Guide

How to Generate Labeled UI Interaction Data at Scale

Emily Watson||6 min
+L

Training a model to interact with software requires labeled UI data, clicks, scrolls, inputs, and the right outcomes. Most teams struggle. Real-world data is limited, noisy, and expensive to collect. Labeling is a bottleneck. Synthetic data offers a way to generate high-fidelity, labeled trajectories at scale, but you need to do it carefully.

The real cost of UI interaction data

Building a functional computer-use model often starts with a small dataset. A few hundred real sessions might get a prototype working, but models need thousands of examples to generalize across layouts, edge cases, and error states. Real data collection has concrete costs: instrumenting apps, running sessions, and paying annotators to label the sequence of actions and outcomes. For a single product with dozens of variations, that cost can grow quickly. Companies that need to support multiple SaaS products, different user flows, and frequent updates face exponential scaling challenges. Scaling real data becomes a business problem, not just a technical one.

Why synthetic UI data works

Synthetic UI data mimics real user behavior with high fidelity.

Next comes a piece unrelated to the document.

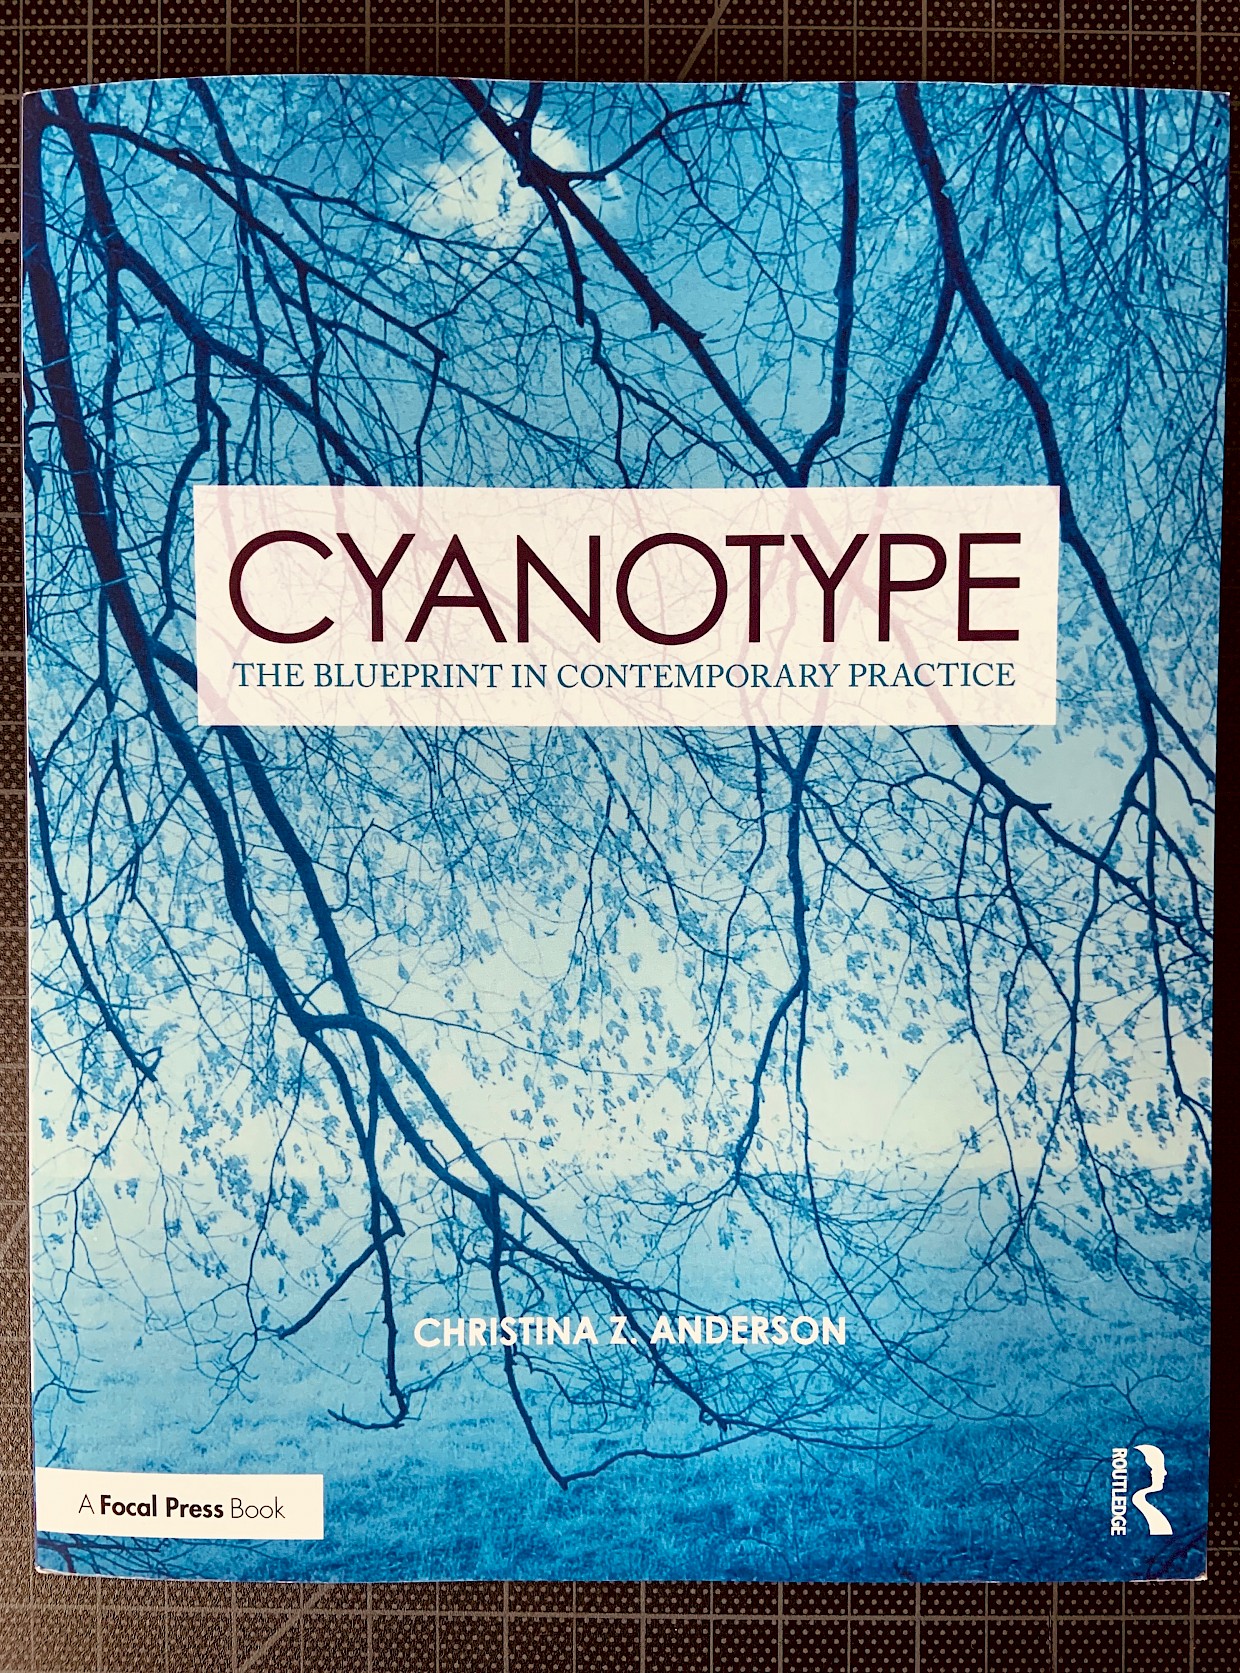 Cyanotype, The Blueprint in Contemporary Practice

It captures the sequence of interactions, screen states, and outcomes in a way that looks and acts like a logged session. Modern synthetic generation relies on several techniques. Generative UI frameworks can create page layouts that match a design system. Browser automation agents simulate realistic navigation and user actions. The key is grounding the synthetic trajectories in real patterns of interaction. When you base the synthetic data on observed human behavior, the resulting examples are not just random clicks, they reflect how users actually move through software. This makes the data useful for both training and evaluation.

Key tradeoffs you need to watch

  • Coverage: Synthetic data can cover many edge cases and error states that rarely appear in real sessions.
  • Reality gap: If you do not ground the synthetic data in real interaction patterns, the model will struggle in production.
  • Labeling overhead: You still need to define what a successful interaction is. Synthetic data does not remove the need for clear ground truth.
  • Domain adaptation: Synthetic data generated for one UI may not transfer well to another product without careful customization.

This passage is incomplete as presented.